# Marimo Moss Ball Questions?



## Overprotective Fish Lover

So I think that planted tanks are pretty darn amazing. But I have very little time, money, and patience to spare on growing, caring for, and providing for aquatic plants. I've heard, however, that marimo moss balls are super easy to take care of. They sell them at my local Petsmart, and it occurred to me that one would look pretty cute in Gabriel's tank. I just have some questions.

1: I've read lots of stuff about "real" and "fake" moss balls. What's the advantage to reals over fakes? Does it really matter? If they both do the same thing, I don't really care what's inside. If it DOES, in fact, matter, then how can I tell the difference?

2: Some people say these plants are fine in any betta tank...others say they need cooler water and lots of shade. Gabriel's tank is kept at 80 degrees Fahrenheit, and it's usually pretty bright...if the light isn't on, then my window's open. It gets about 10 hours of complete darkness each night. Is that too much light? Would it be too warm?

3: Since the moss balls at Petsmart are kept alone in little cups like the ones they use for bettas, do I really need to quarantine? Would a good rinse and a squeeze be good enough?
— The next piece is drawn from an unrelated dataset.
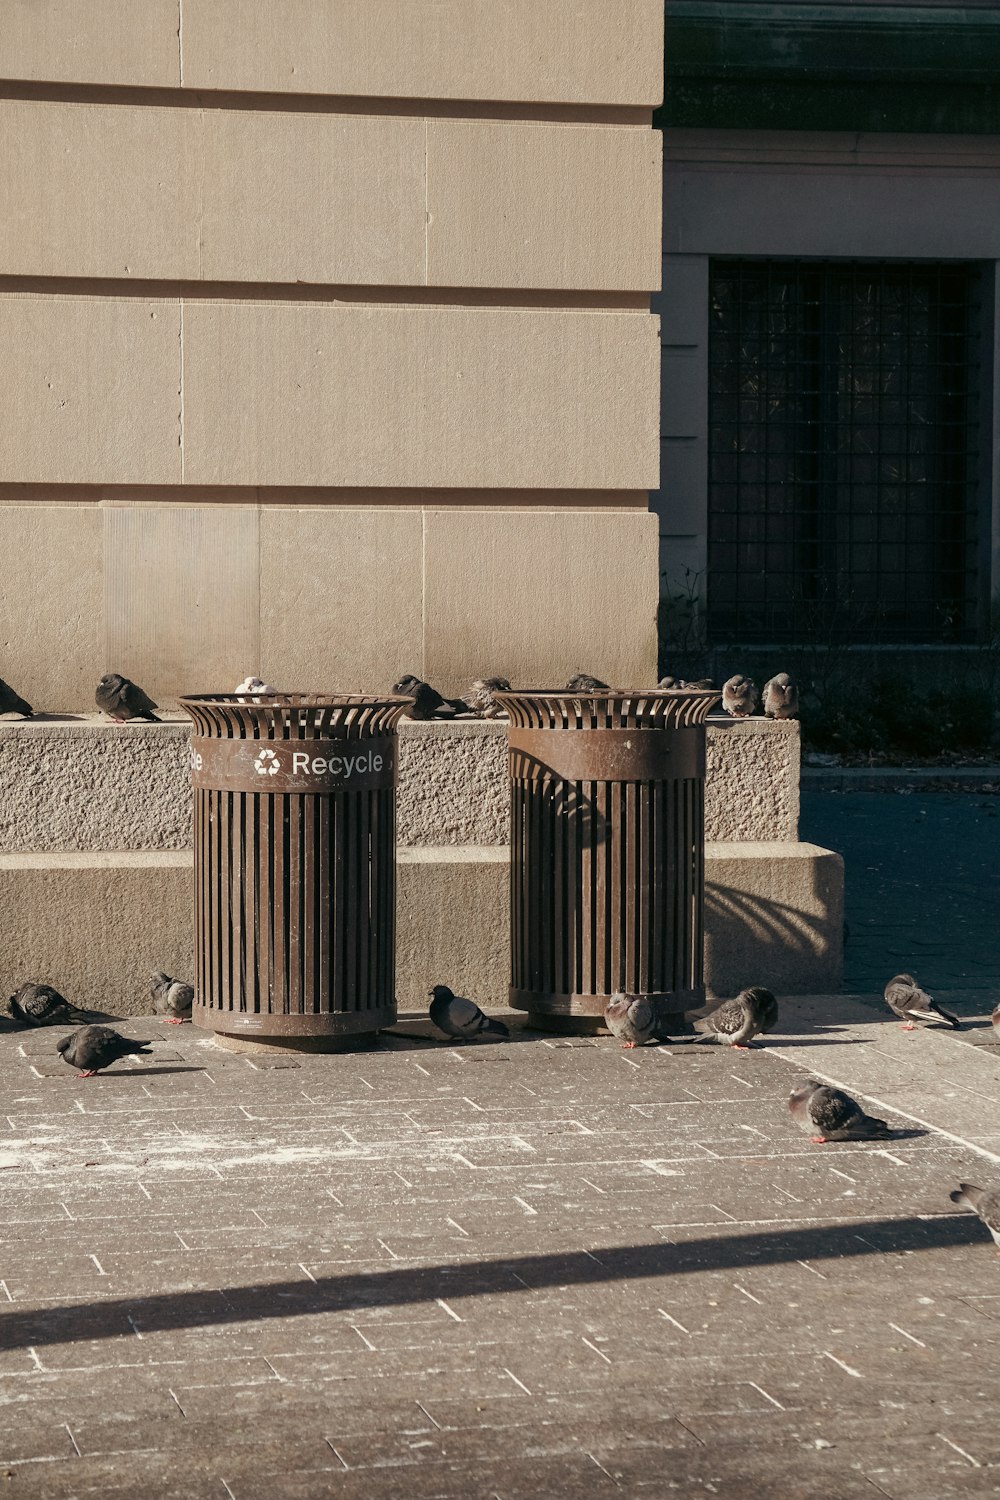 Un grupo de pájaros sentados encima de botes de basura
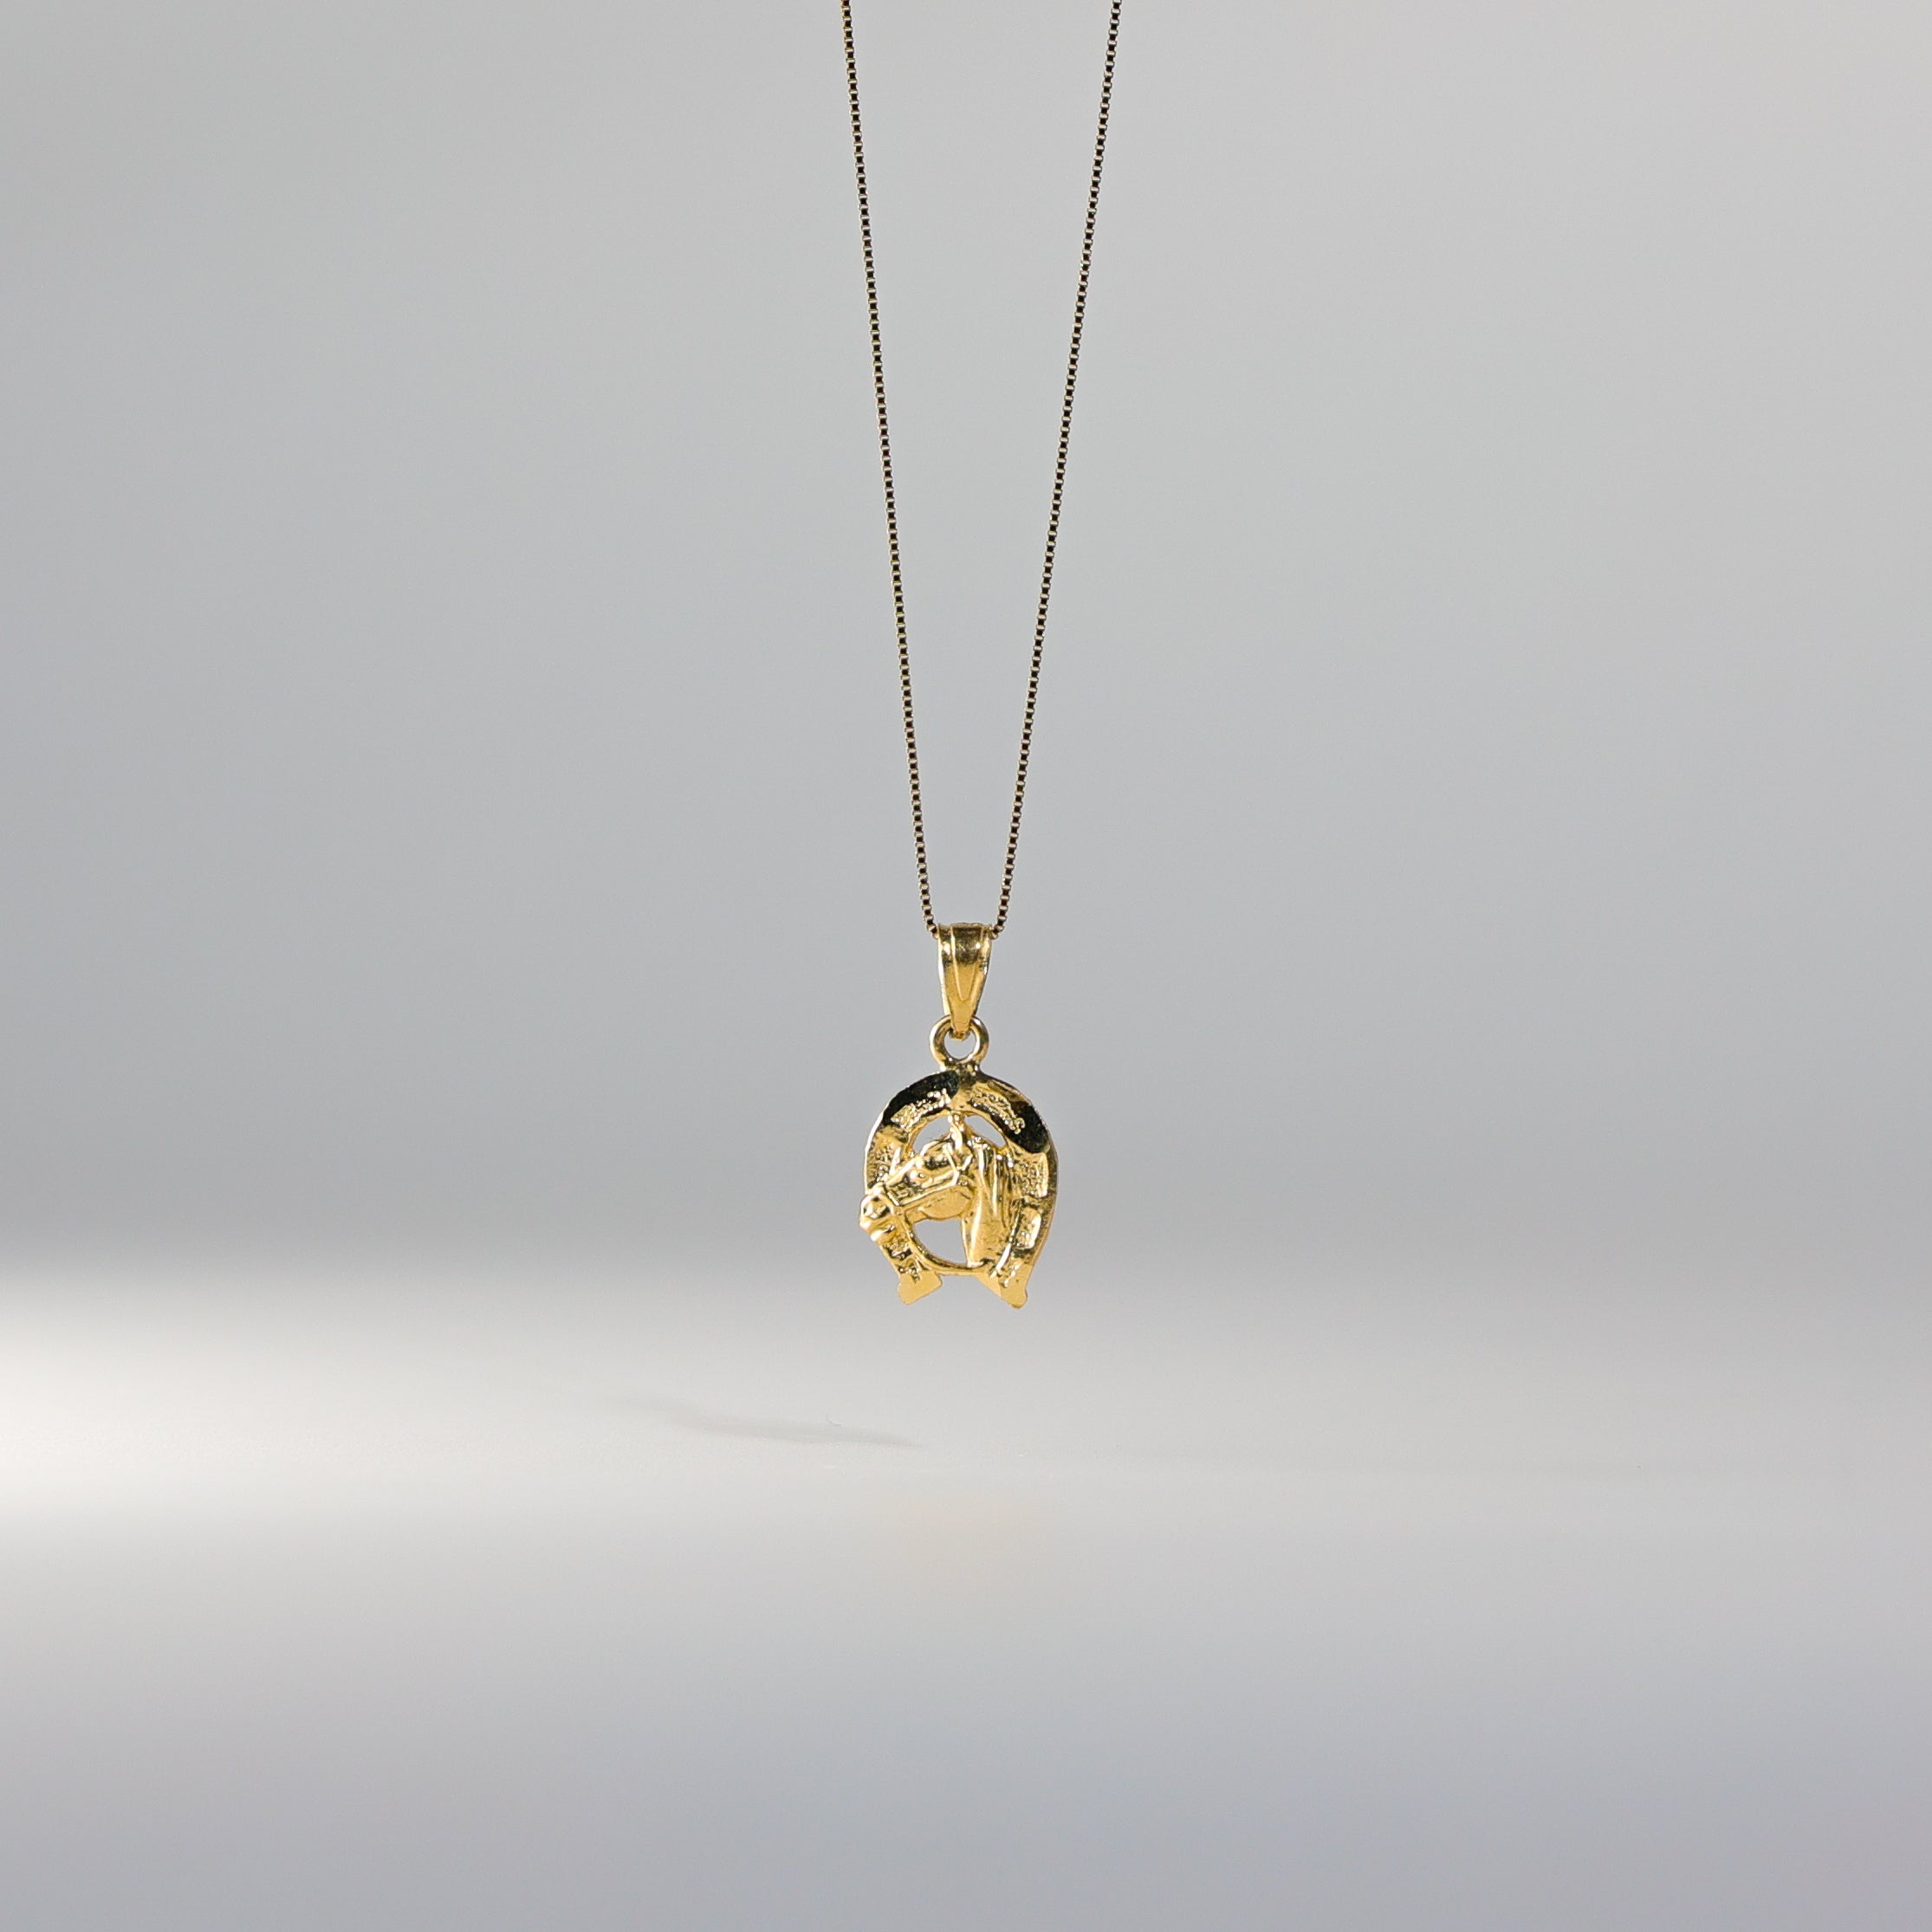 Gold Lucky Horseshoe Pendant Model-1636 - Charlie & Co. Jewelry

Is there a chance I'll find worms and snails in it? If I do need to quarantine, can I just keep it in a bowl of plain old tap water? Should it be heated? Do I need to change the water? How long should I quarantine for?

4: I'd probably rinse out the moss ball whenever I take it out to change the water. Are chemicals from the tap water going to get trapped in it and harm my betta when the ball goes back in?

5: I think they're pretty expensive. How long will one of these puppies last? Is it worth my while?

I'd love it if you'd give me some info...I'm a total newbie to live plants.

-OFL


----------



## NorthernLights

Marimo balls are not, strictly speaking, like other plants. They are algae. 

When you first get one, rise the heck out of it (squeeze it gently and release) and roll it around in your hands, a lot in tap water. Then give it a good dunking and squeezing in conditioned water. 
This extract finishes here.